As an example, Substrate’s customers include specialties like oncology, orthopedic care, urgent care, and behavioral health. Our system helps them check claim statuses, appeal denials using medical records, evaluate medical records for medical necessity, and more. These customers want a) something that works the same every time and b) is correct every time regardless of volume. While it’s possible that a nondeterministic approach can be correct every time, it’s insanely hard to evaluate it as such if its execution path differs each time. Right now to achieve this we use a hybrid approach as different contexts require different levels of sophistication; scripting/pure RPA for environments that are extremely static, the code-gen approach Adrian describes here at Cloudcruise (big fans) for browser environments that are more dynamic, and a VLM based approach in desktop environments.
Where a 100% nondeterministic approach works
There are at least two contexts where a 100% nondeterministic approach works. The first is consumer products. In these cases, you’re rarely doing that many transactions per customer and you want each transaction to be very high-quality and totally personalized to the consumer. In leisure use cases “exceptions” (or deviation from the path) can be kind of a feature because they surprise and delight the consumer, and with high quality personalization can help them discover choices that satisfy unspecified (or poorly articulated preferences).
The second context where a completely nondeterministic approach works is in the world of voice agents. In this world, even though the outcomes are also deterministic, the path can be so nondeterministic that maintaining a script that can manage all the cases becomes ruinously expensive.
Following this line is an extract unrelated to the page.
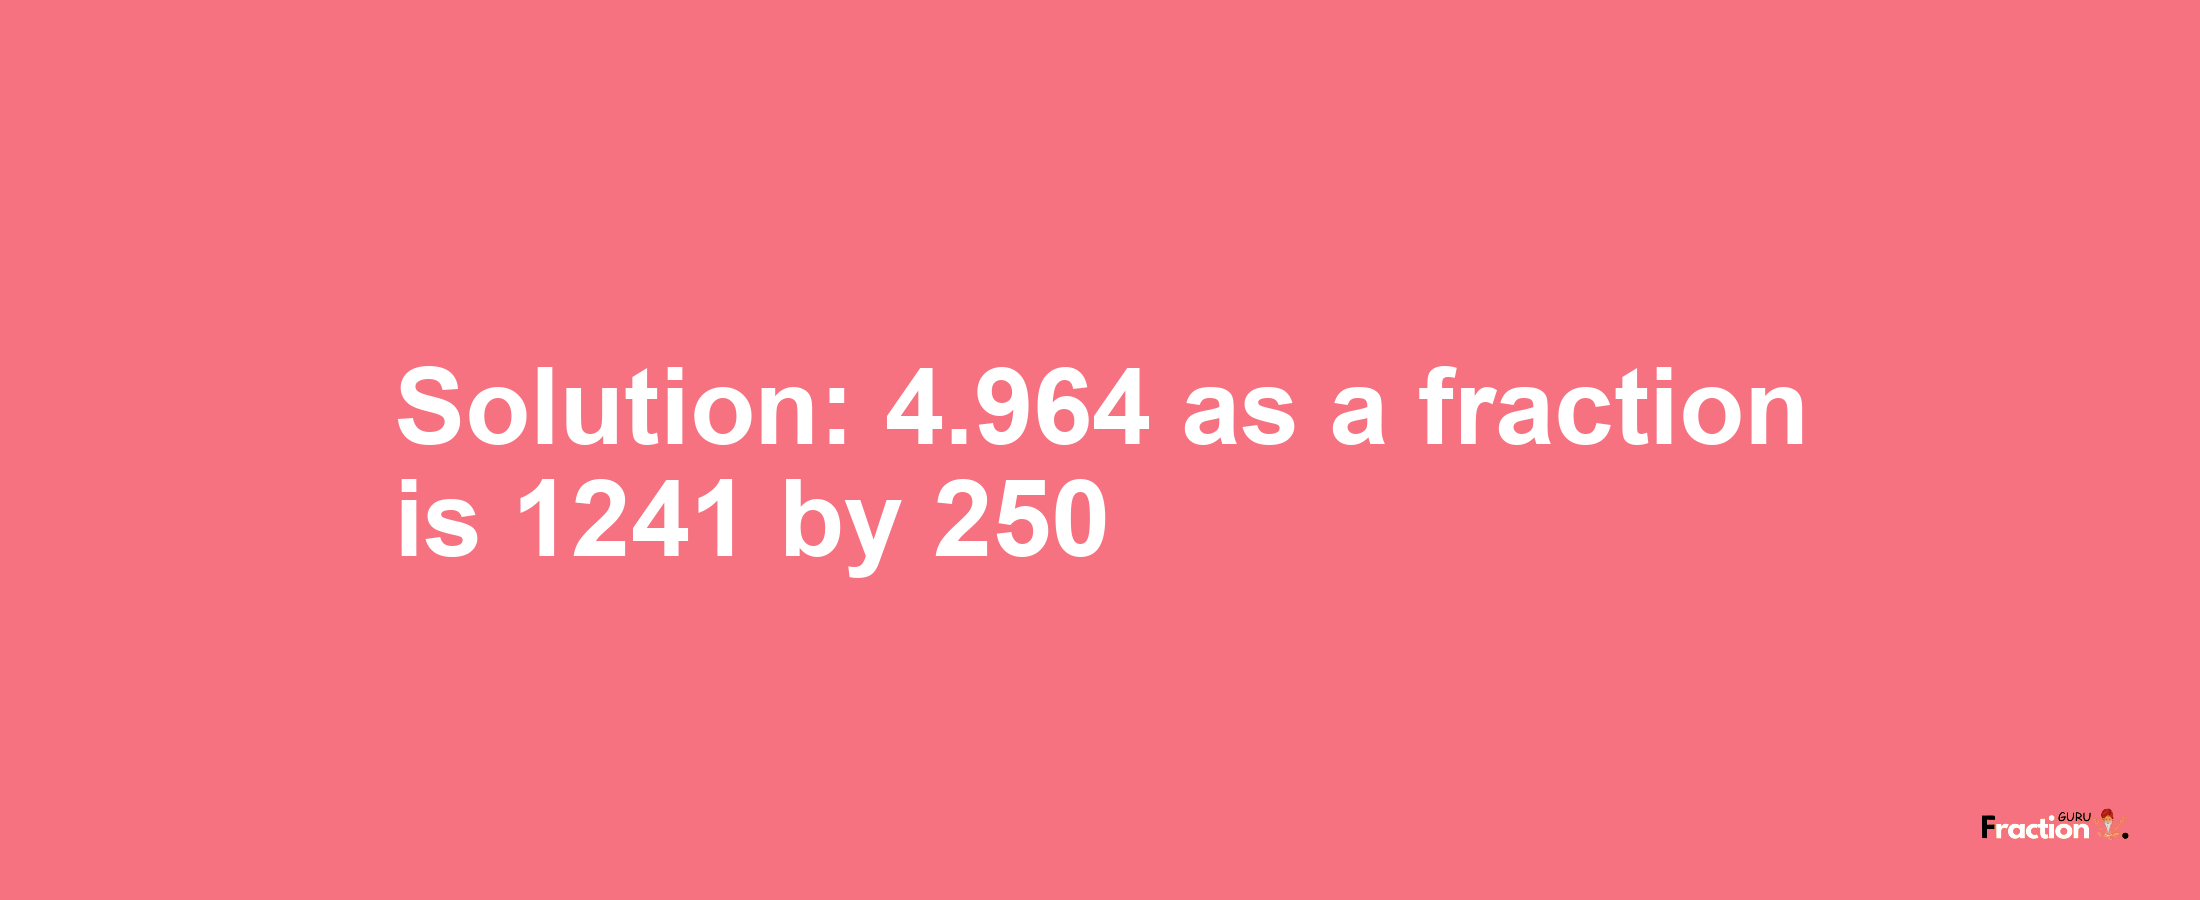 Solution:4.964 as a fraction is 1241/250

The person the agent is talking to might be having a super bad day, or for many other reasons the things they can say diverge wildly from the “happy path, that having a conversational agent that can reason in every interaction step and introspect on the best next words to get back on script can actually be a huge step function improvement.
In the voice agent context you can think of the human as the equivalent of a “website” in a browser agent. A website in a single interaction has a fixed amount of information and a fixed number of available actions. A human, on the other hand, is persuadable - the information an agent can extract is effectively bottomless, and the actions the human can take in partnership with or in response to a conversation are effectively boundless.
Why this matters
Browser based agents extend the surface area of problems that are accessible to software because the vast majority of workflows that happen in the browser actually are deterministic and the hard work was maintaining scripts and handling cases where minute changes to the UI resulted in a broken workflow. Now models can auto heal and handle minor changes without a human in the loop. I’m still developing a framework to decide when to choose either path. If you’re building in any of these domains and you have a strong point of view, I’d love your take.
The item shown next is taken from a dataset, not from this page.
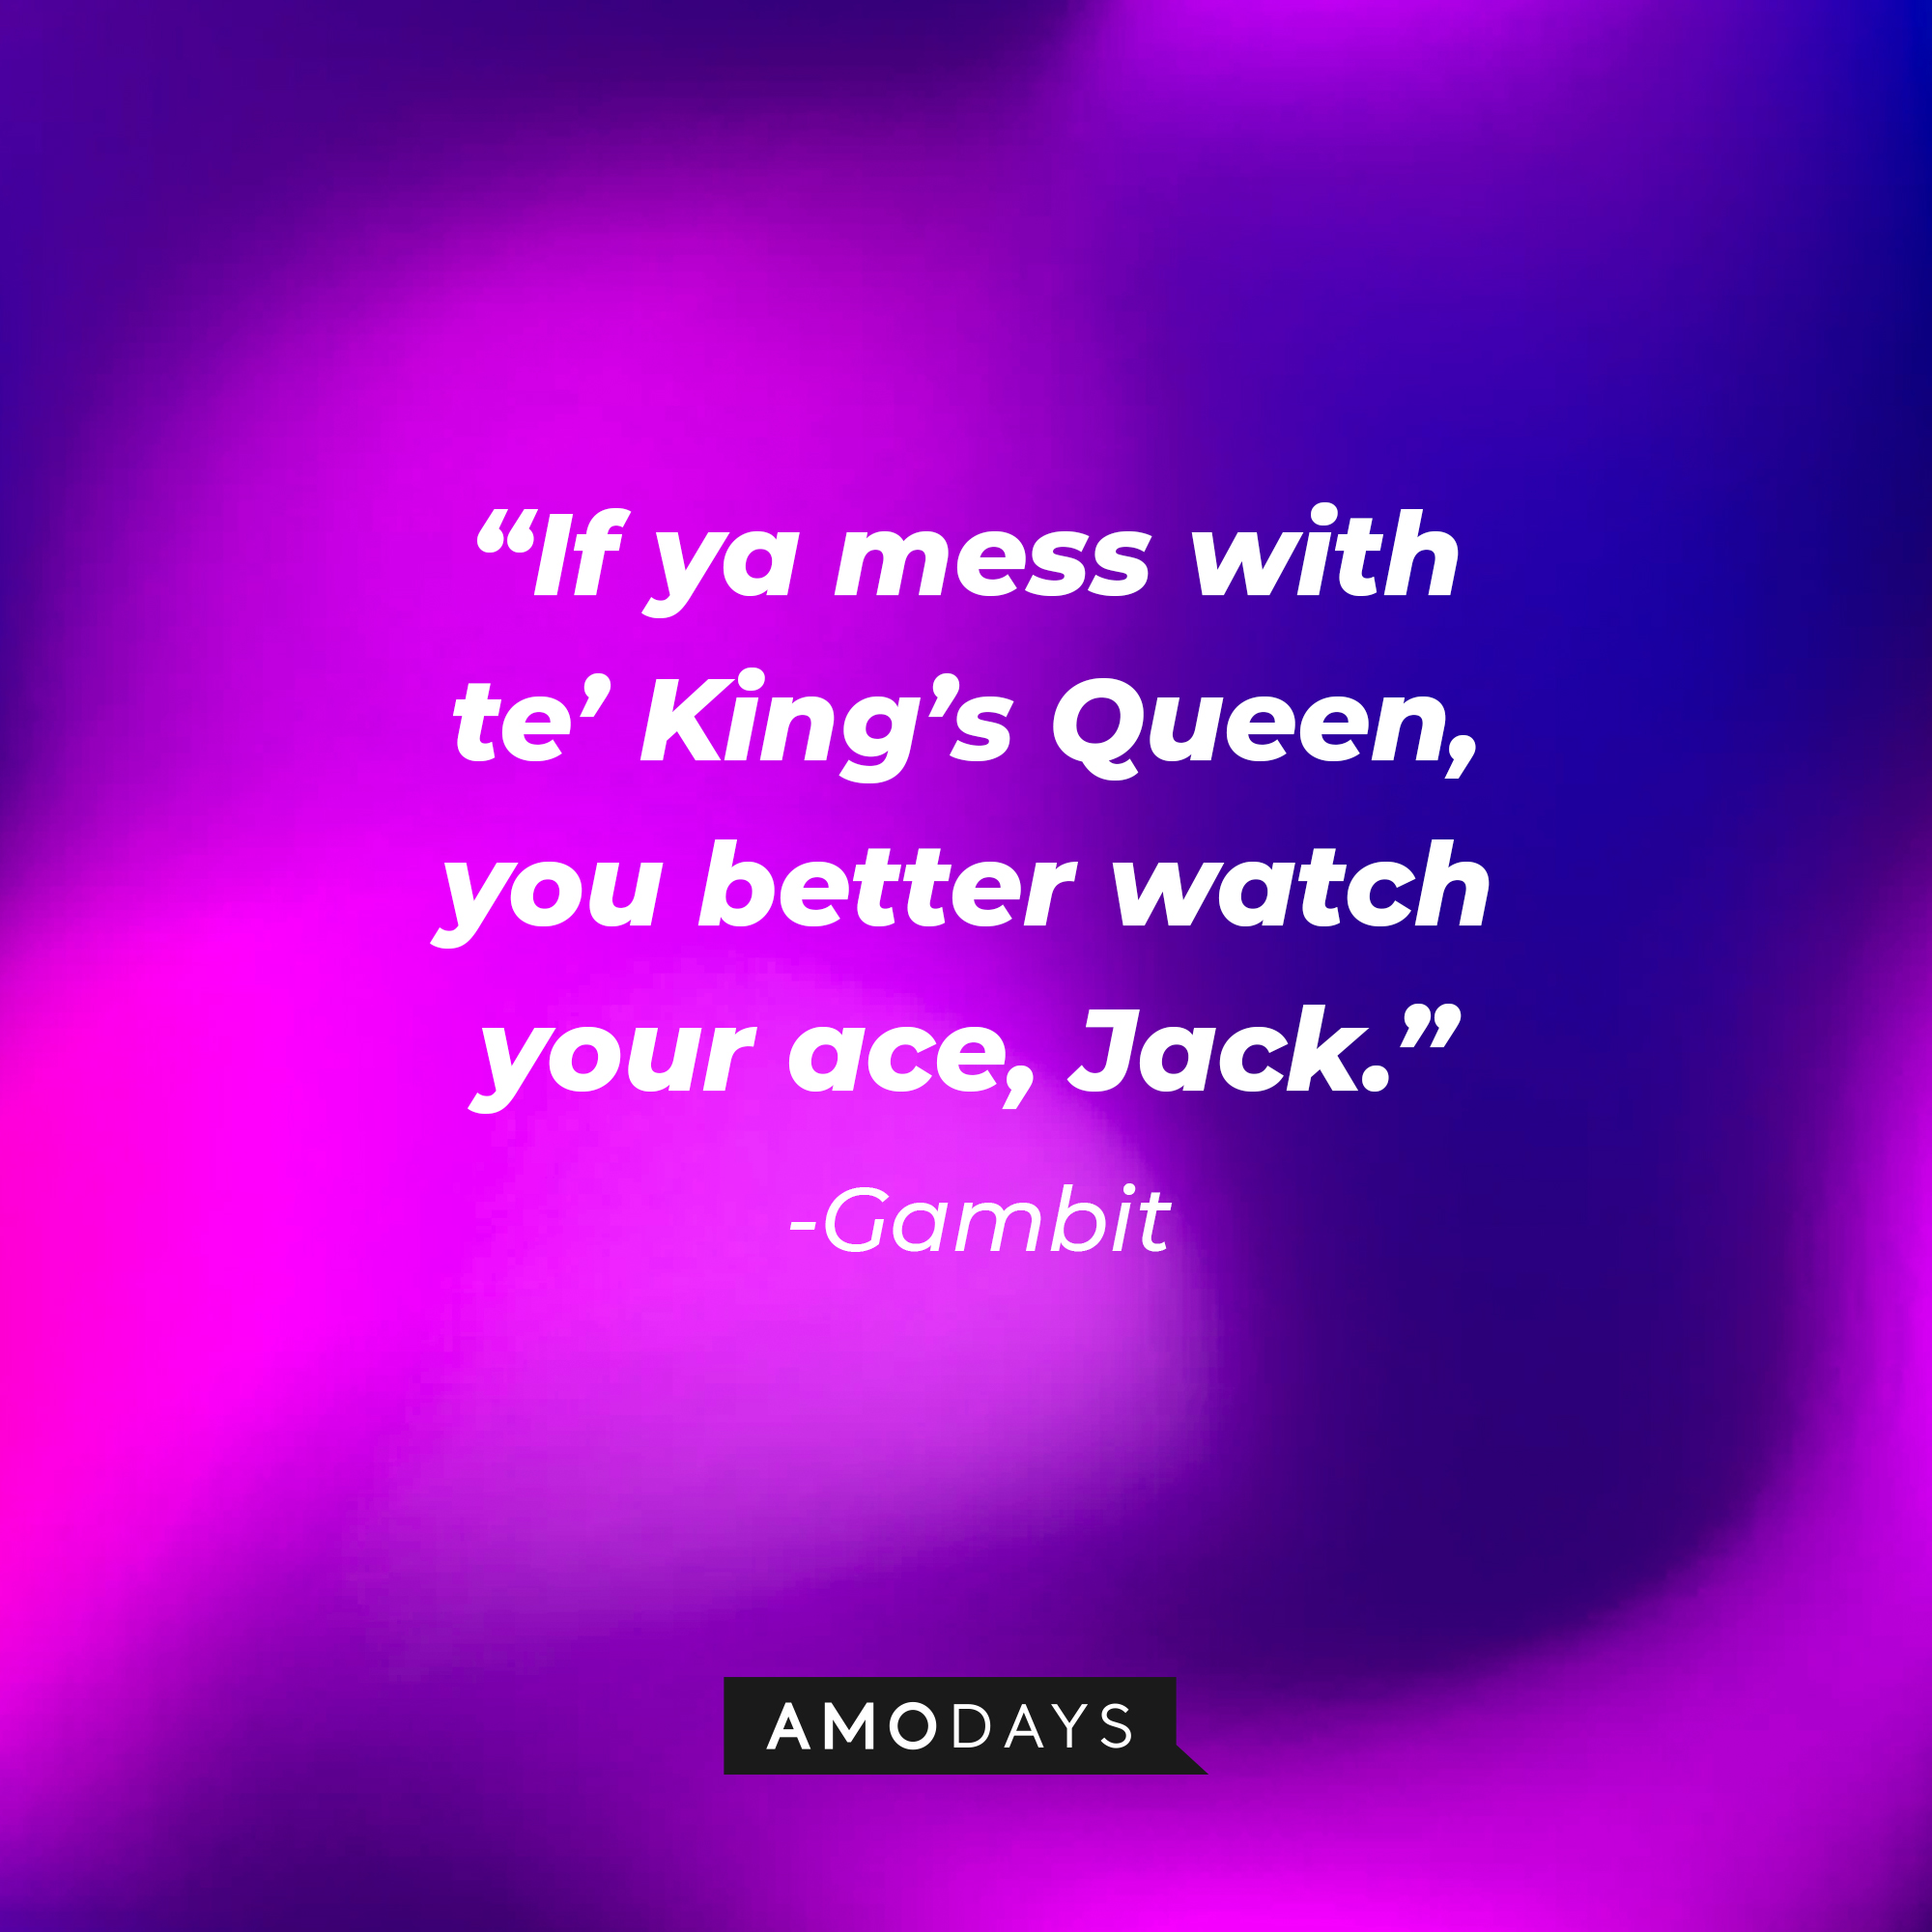 Gambit’s quote: “If ya mess with te’ King’s Queen, you better watch your ace, Jack.”  | Source: AmoDays

Good q - my guess is the answer is different by domain and SLA
I think the big difference is humans can usually encounter a new surface and navigate it with only a high level objective and be close to right on the first try without having seen that interface before. This is mostly tribal knowledge which in LLM context would be prompt context most likely, but have yet to see an agent architected that can hit the mark on the first try regardless of context provided. Just my 2c
This is a bit like asking LLMs to count r's in strawberry, where they've provided the LLM a tool to count letters in a word (often just the ability to write a quick python script) and trained it to use that tool when asked this question.
> A single human can easily manage this variety
Curious, how do humans learn to manage the variety and navigate newly encountered portals or processes when they start doing this work? Is it a "prompt", i.e. a very detailed SOP or set of instructions, or "learn on the job" where they are paired with a team-mate / supervisor until they reach a certain success rate, or something else?